Whether it’s your first time putting on gloves, or you’ve already won a title belt, the No. 1 rule in boxing applies to everyone…
Protect yourself at all times.
When I first stepped into a boxing ring, I learned that lesson the hard way.
I had trained for nearly a year before entering the ring… And as soon as I did, everything I had learned (or thought I had learned) vanished in the blink of an eye.
I was so focused on attacking my opponent that I forgot the No. 1 rule. As a result, I took more than a few hard punches and ended the bout with two black eyes.
From that point on, I completely changed both my mindset and my strategy. That reset allowed me to enjoy boxing much more… with fewer bruises.
You see, I had to learn when to play offense and when to play defense.
Many boxing enthusiasts call the sport the “Sweet Science,” a term first used by English sports writer Pierce Egan back in 1813.
It refers to the scientific strategy boxers use, and it focuses on how to defeat your opponent before actually beating him. While the sport does require physical strength and dexterity, the mental part is just as important – if not more so.

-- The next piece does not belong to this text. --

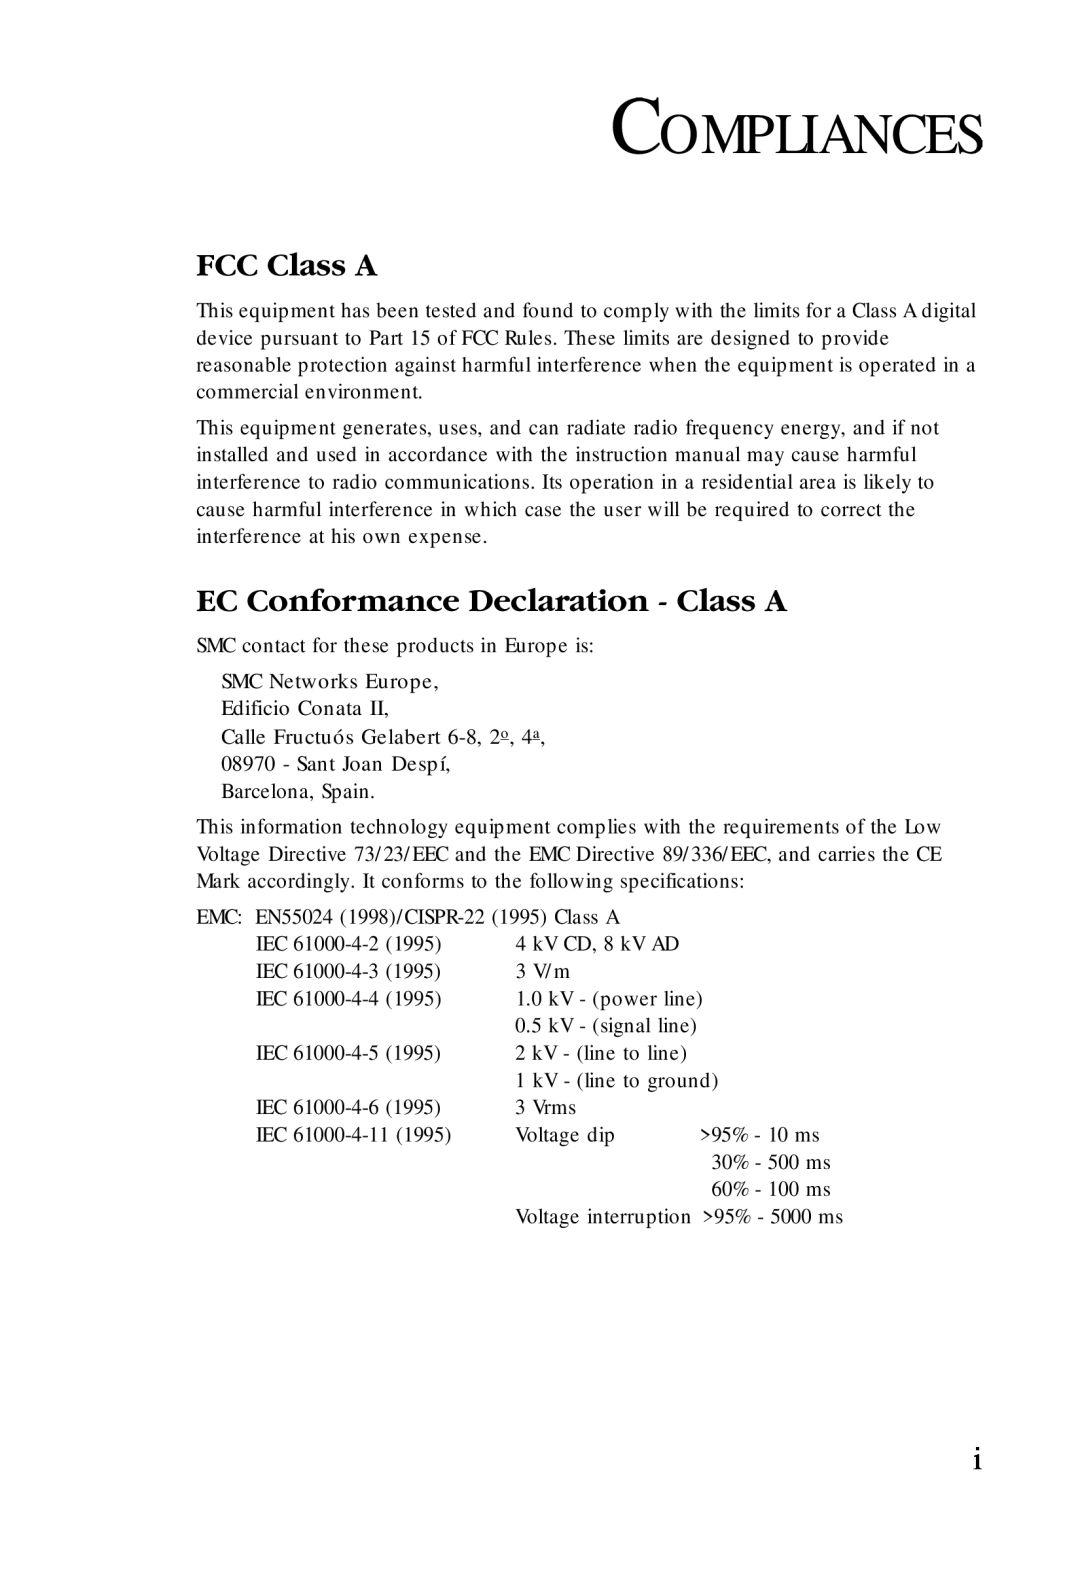 SMC Networks SMC-EZ1024DT manual Compliances, FCC Class A, EC Conformance Declaration - Class A 
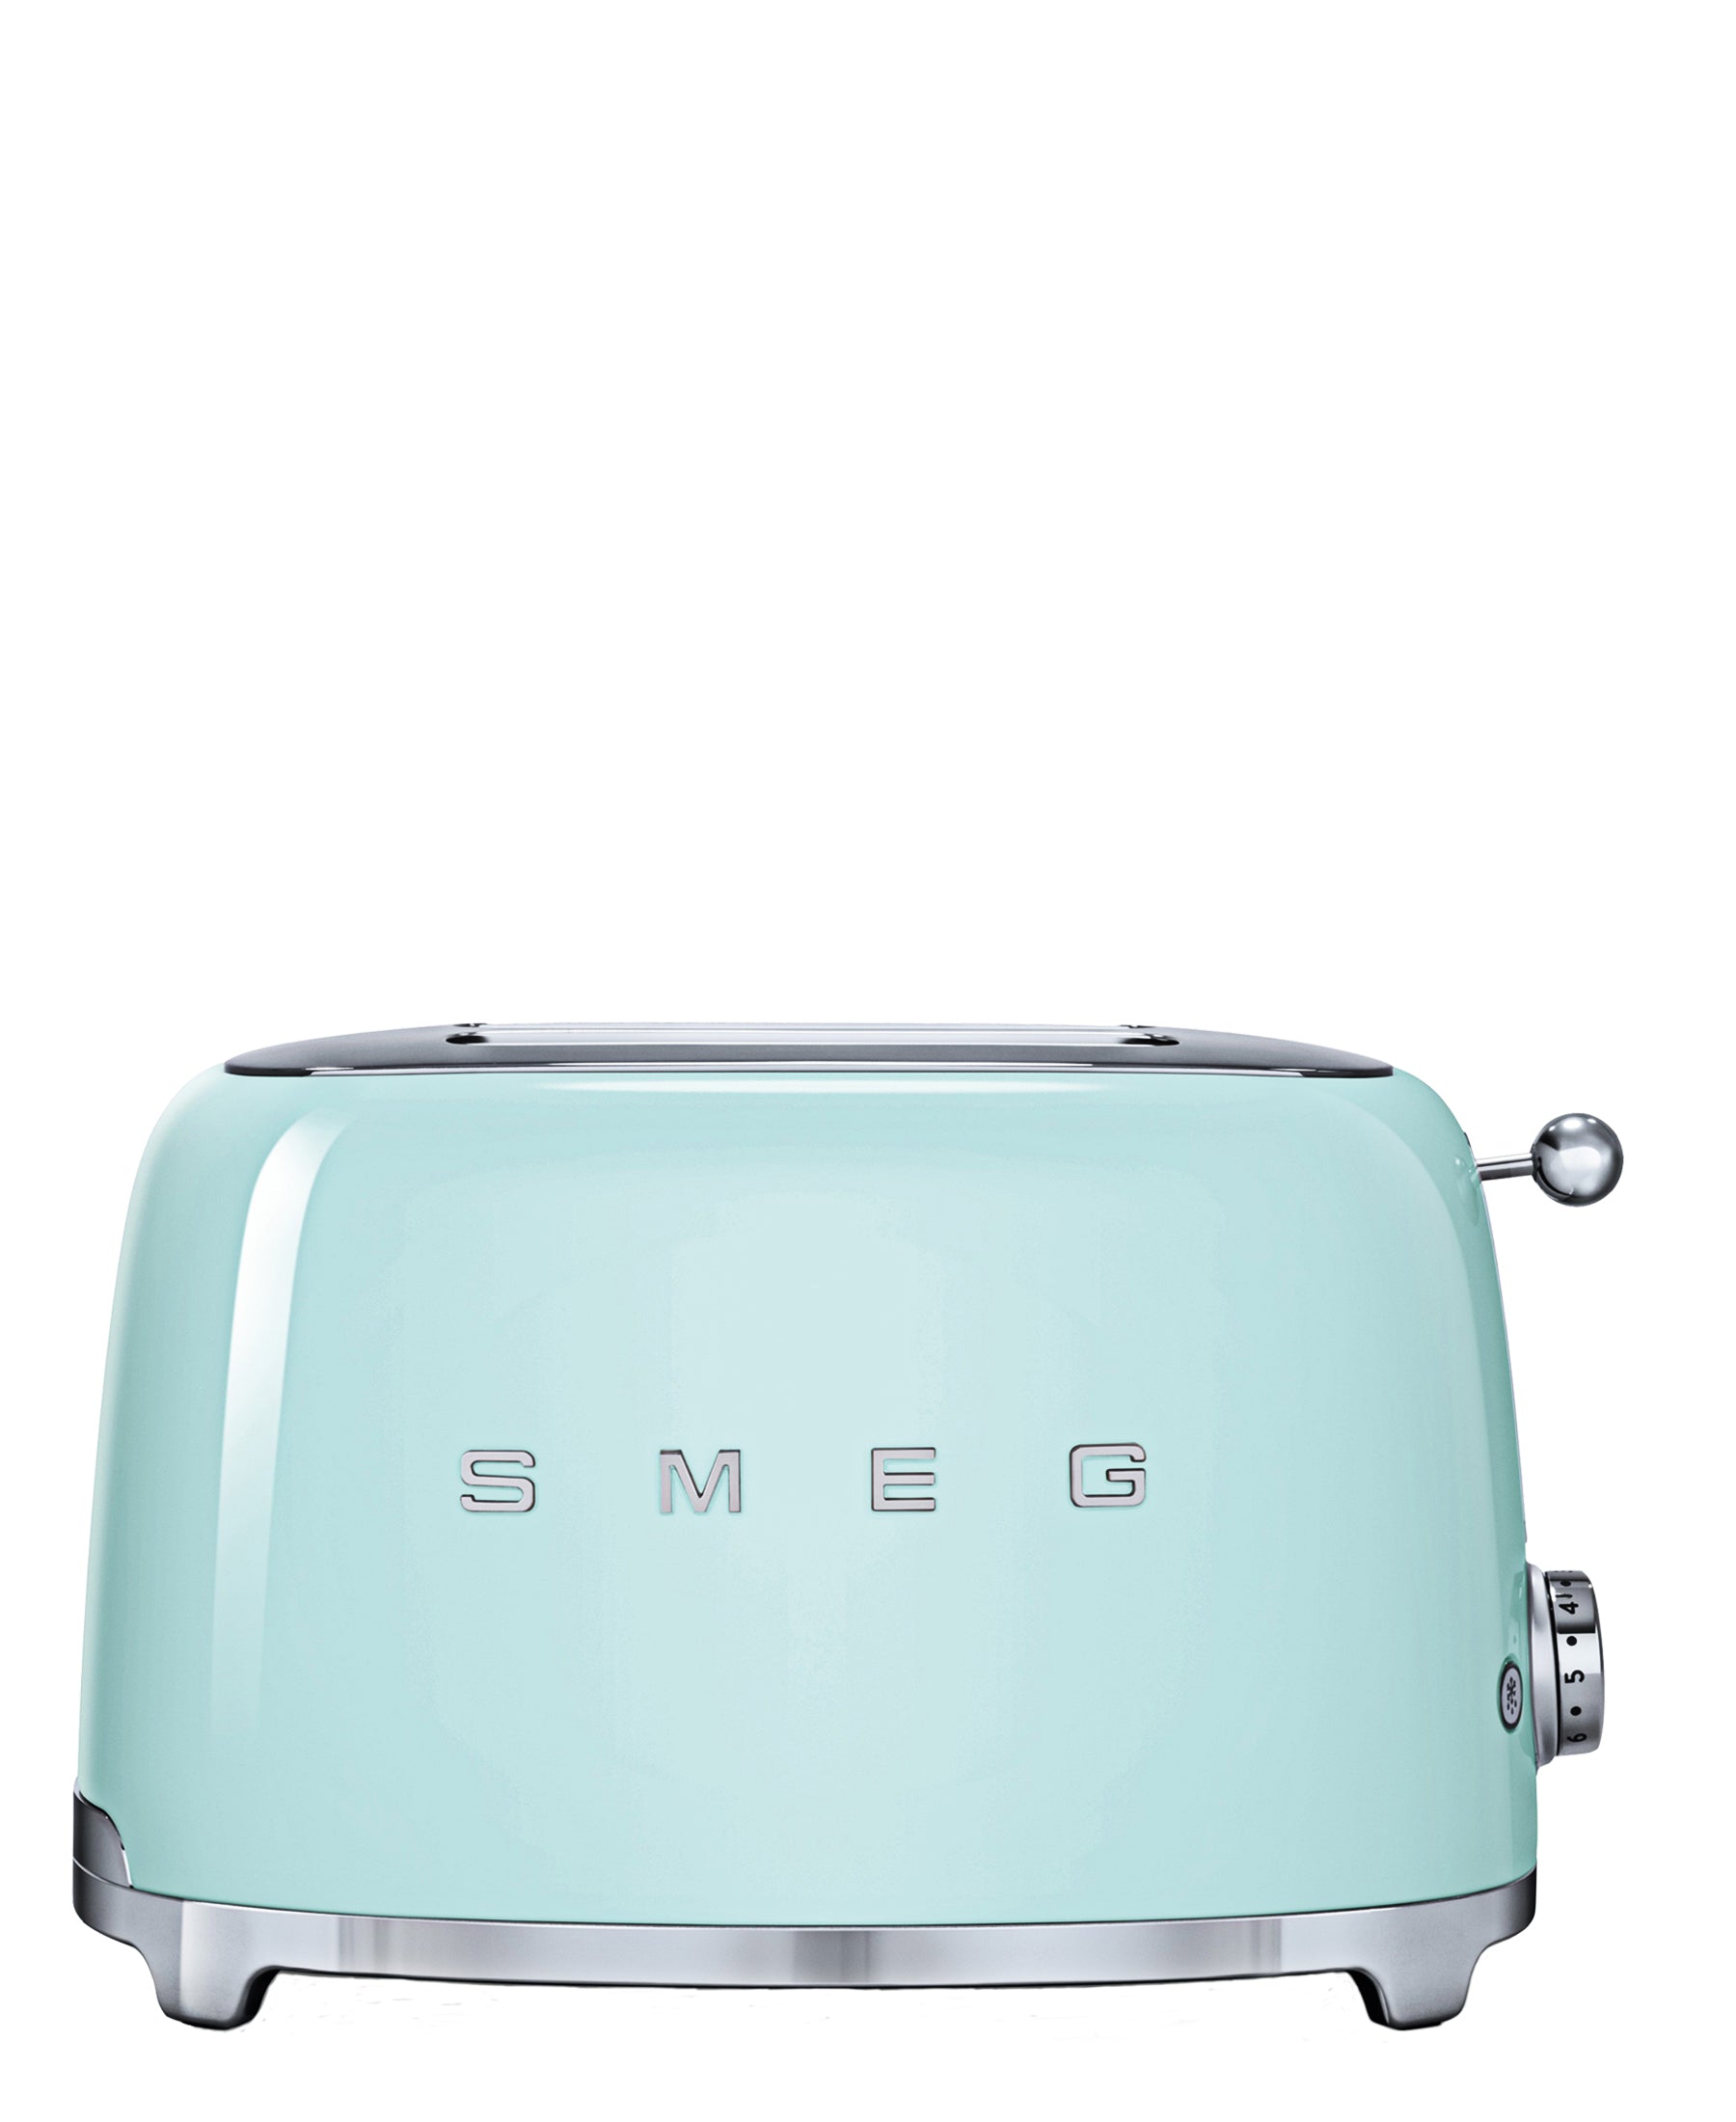 Smeg Retro 4 Slice Toaster - Pastel Green

Trading is similar to boxing. You have to train your mind, practice discipline, and figure out when to get aggressive and when to remain patient.
Too many traders lose money over the long term because they don’t know when to pull back. Like my first time in the boxing ring, they’re always in attack mode.
So today, I’ll focus on how offense and defense strategies can help us make smart trading decisions right now… and avoid big losses.
We’ll look at one important index to explain where and when we can get aggressive. And we’ll discuss why patience is key right now, based on key technical setups.
Let’s get started…
As my Ten Stock Trader subscribers know, there’s a right time to be offensive and a right time to be defensive…
Both approaches require you to remove the “perma” bias from your mindset…
If you’re a permabear, that means tempering your market pessimism. If you’re a permabull, that means pulling back your staunch optimism.
In other words, you need to focus on what the market is doing rather than what it could do.
With this in mind, let’s look at the Nasdaq 100 Index…
The index is well above the major moving averages. I’ve marked the 55-day moving average (“DMA”) in blue and the 200-DMA in red. These lines show the short-term and long-term trends, respectively.
Folks, it’s clear as day… We’re in the middle of a bull market.
Now look at the relative strength index (“RSI”) at the bottom of the chart. The RSI is an indicator that shows when assets are “overbought” or “oversold.” When values have moved too far, too fast in either direction, a reversal is likely.
The red circles highlight where previous tops have led to corrections. These corrections aren’t steep. But they did lead to higher prices once they ended, which is the key point.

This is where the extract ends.